▸ **Activity**:
Every line of the material must be restated exactly, though not its pictures.

▸ **Data excerpt**:

——

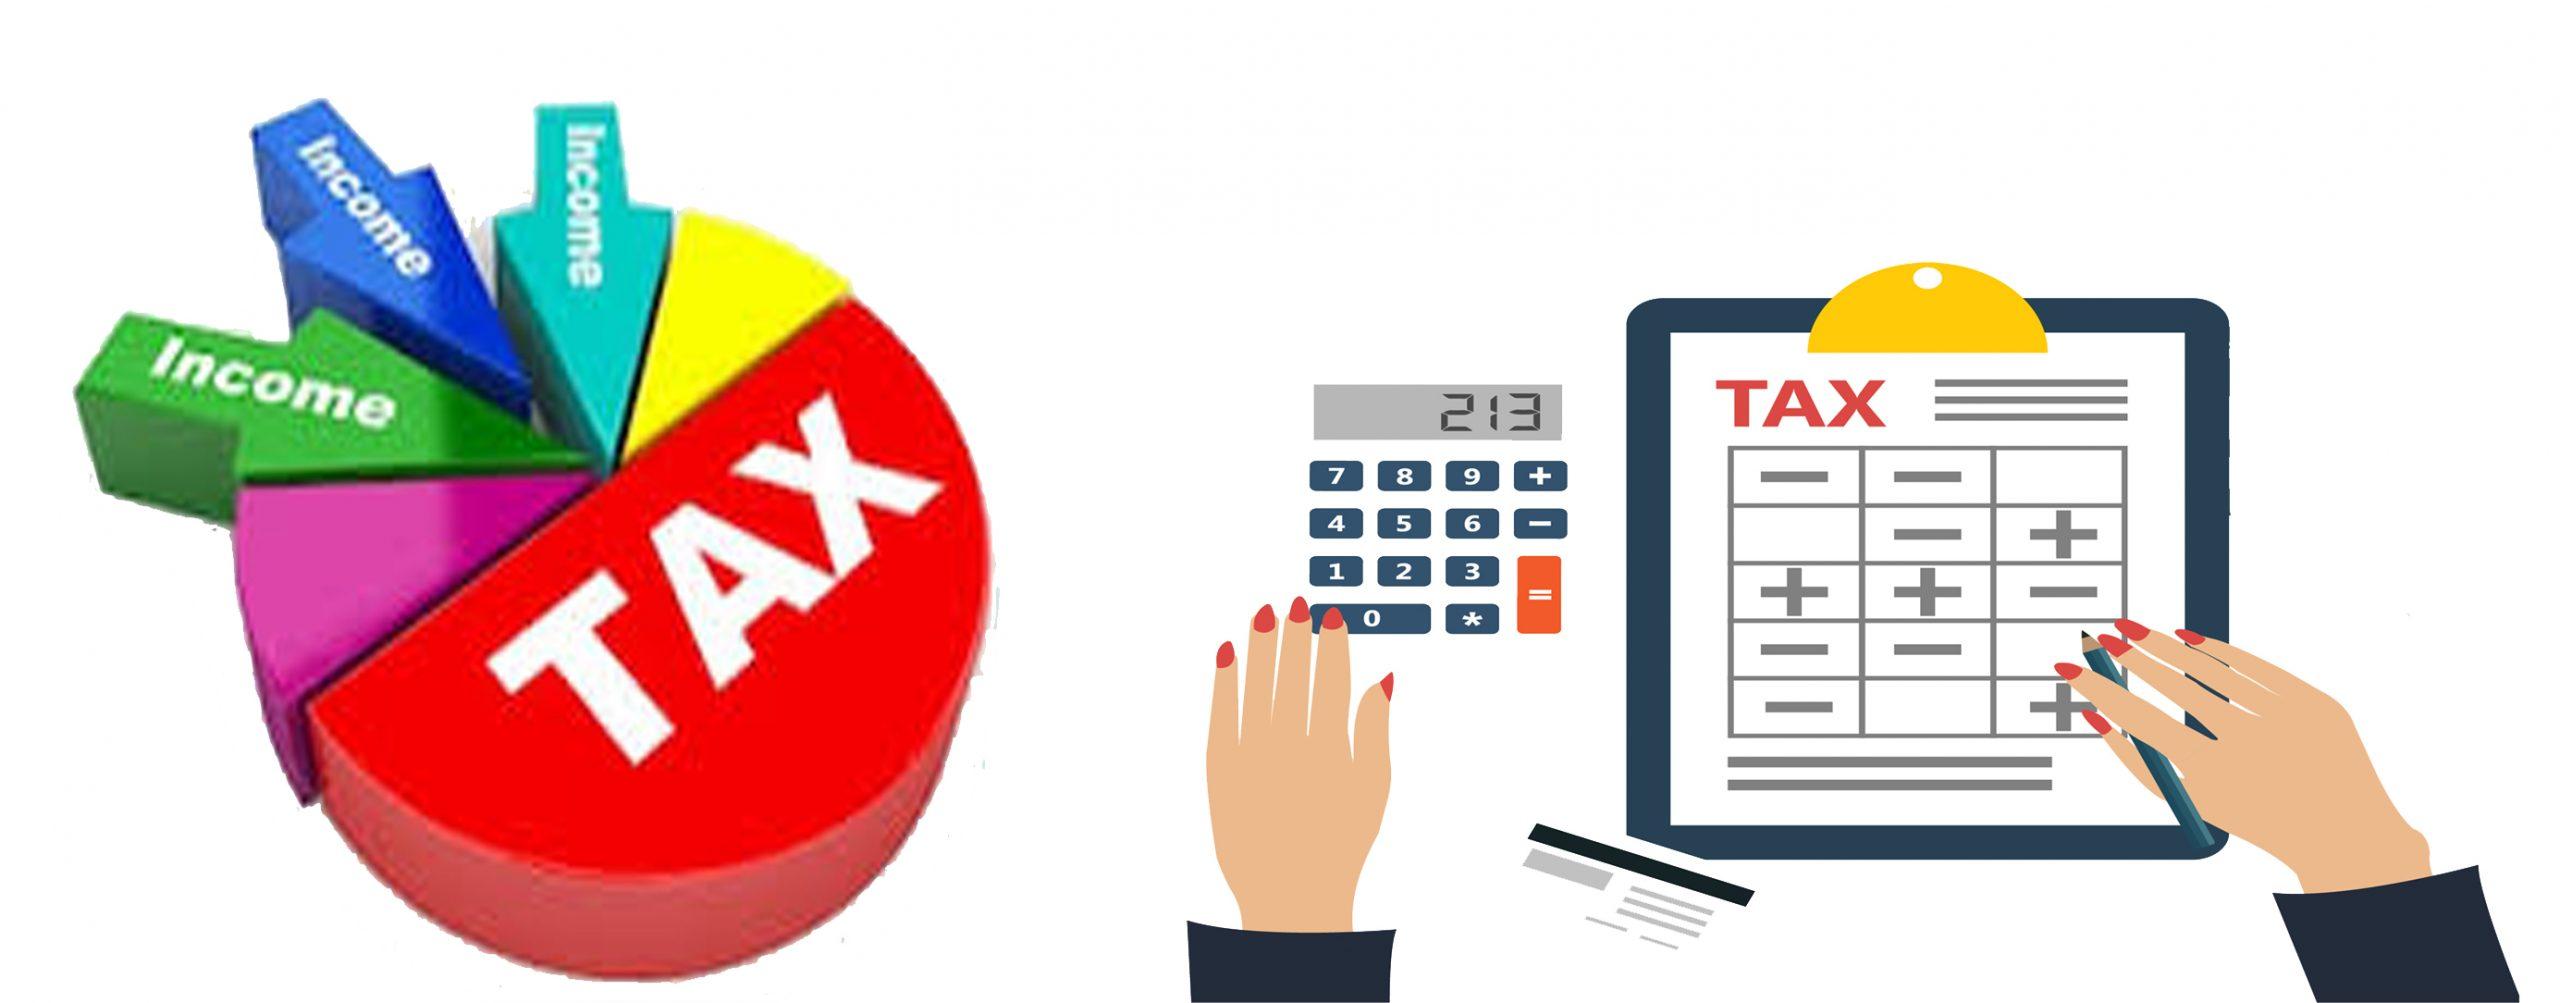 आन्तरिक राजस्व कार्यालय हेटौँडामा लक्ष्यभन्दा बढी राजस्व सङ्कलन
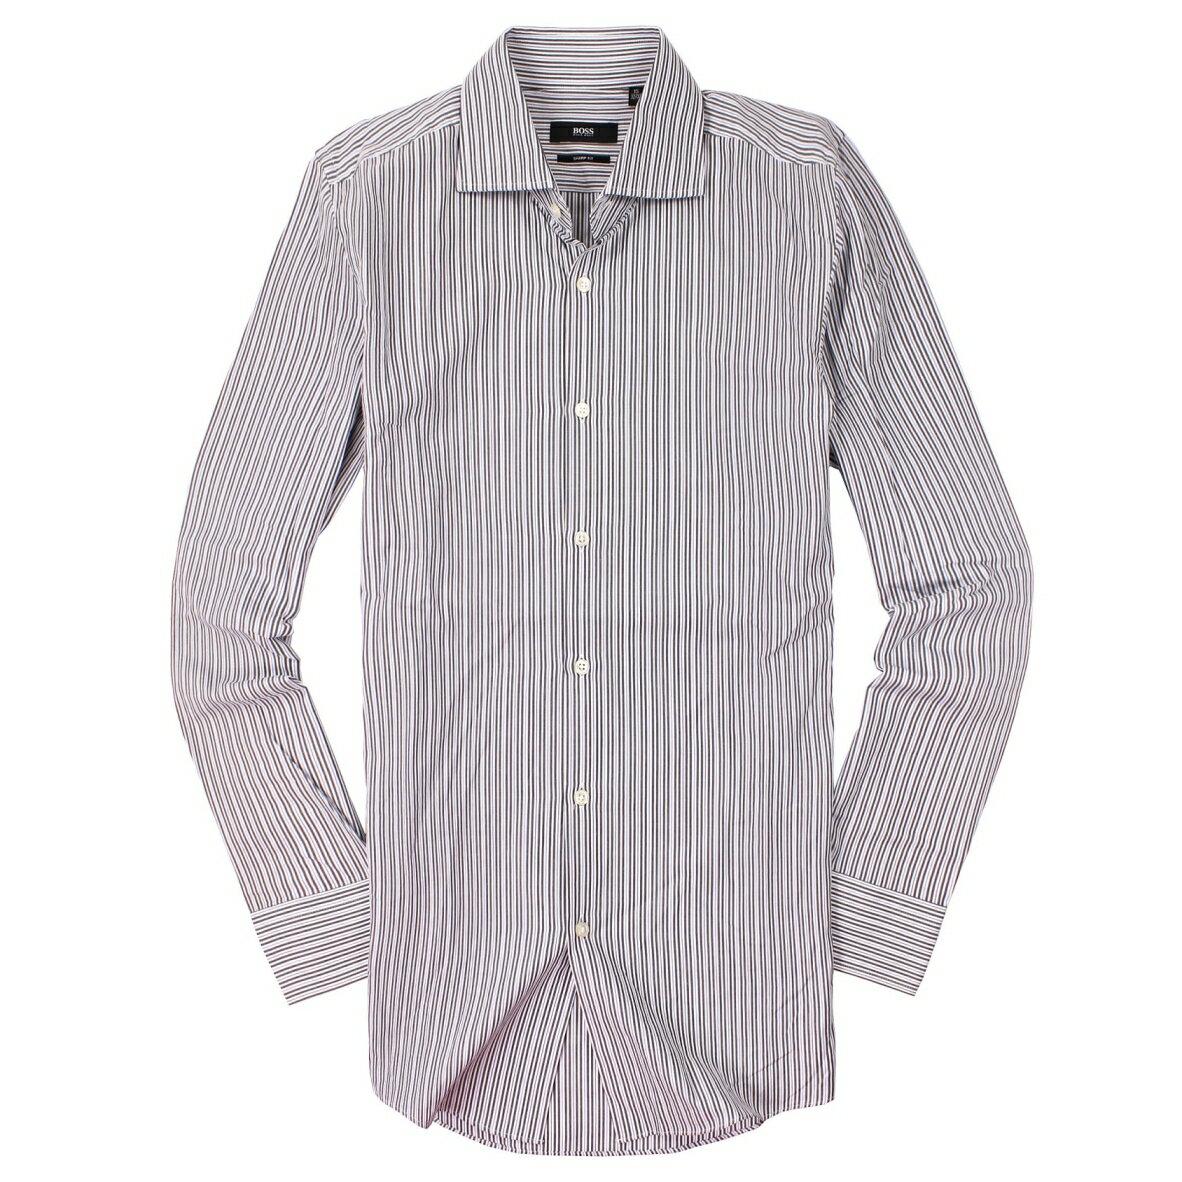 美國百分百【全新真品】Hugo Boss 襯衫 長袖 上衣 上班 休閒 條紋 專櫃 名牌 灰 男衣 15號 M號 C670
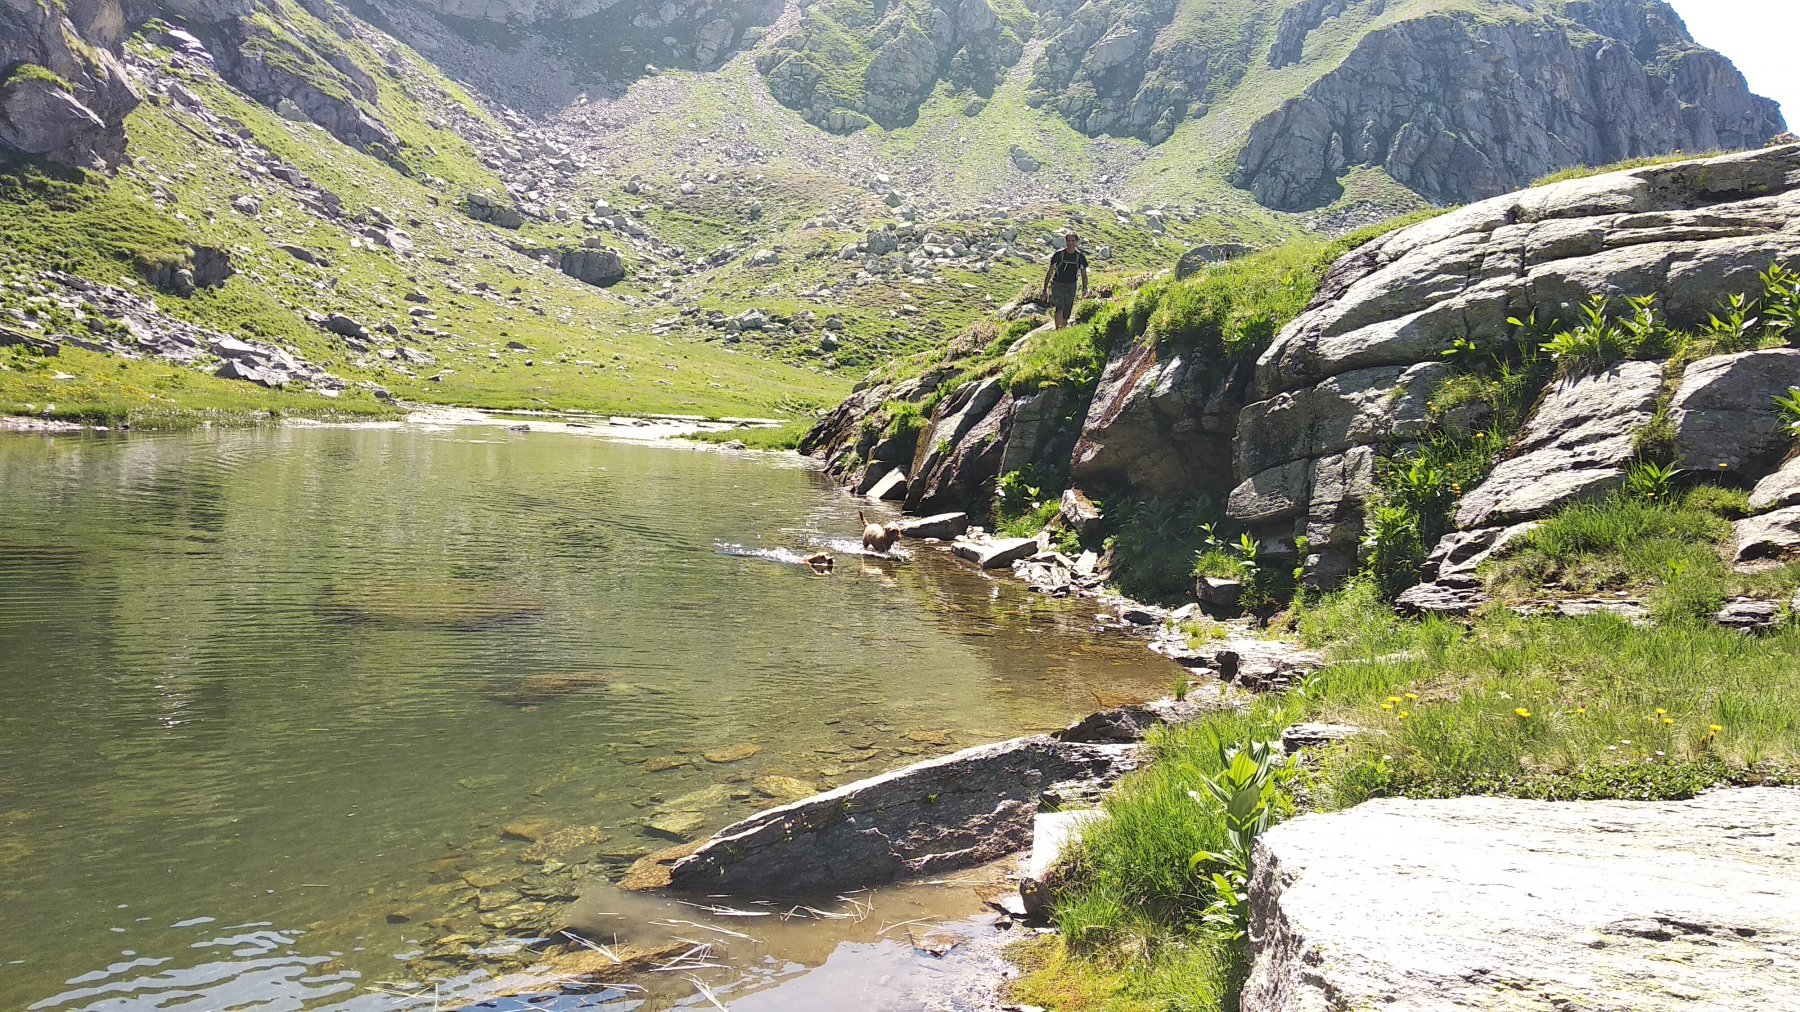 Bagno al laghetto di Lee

——

▸ **Exercise result**:
 आन्तरिक राजस्व कार्यालय हेटौँडामा लक्ष्यभन्दा बढी राजस्व सङ्कलन
 美國百分百【全新真品】Hugo Boss 襯衫 長袖 上衣 上班 休閒 條紋 專櫃 名牌 灰 男衣 15號 M號 C670
 Bagno al laghetto di Lee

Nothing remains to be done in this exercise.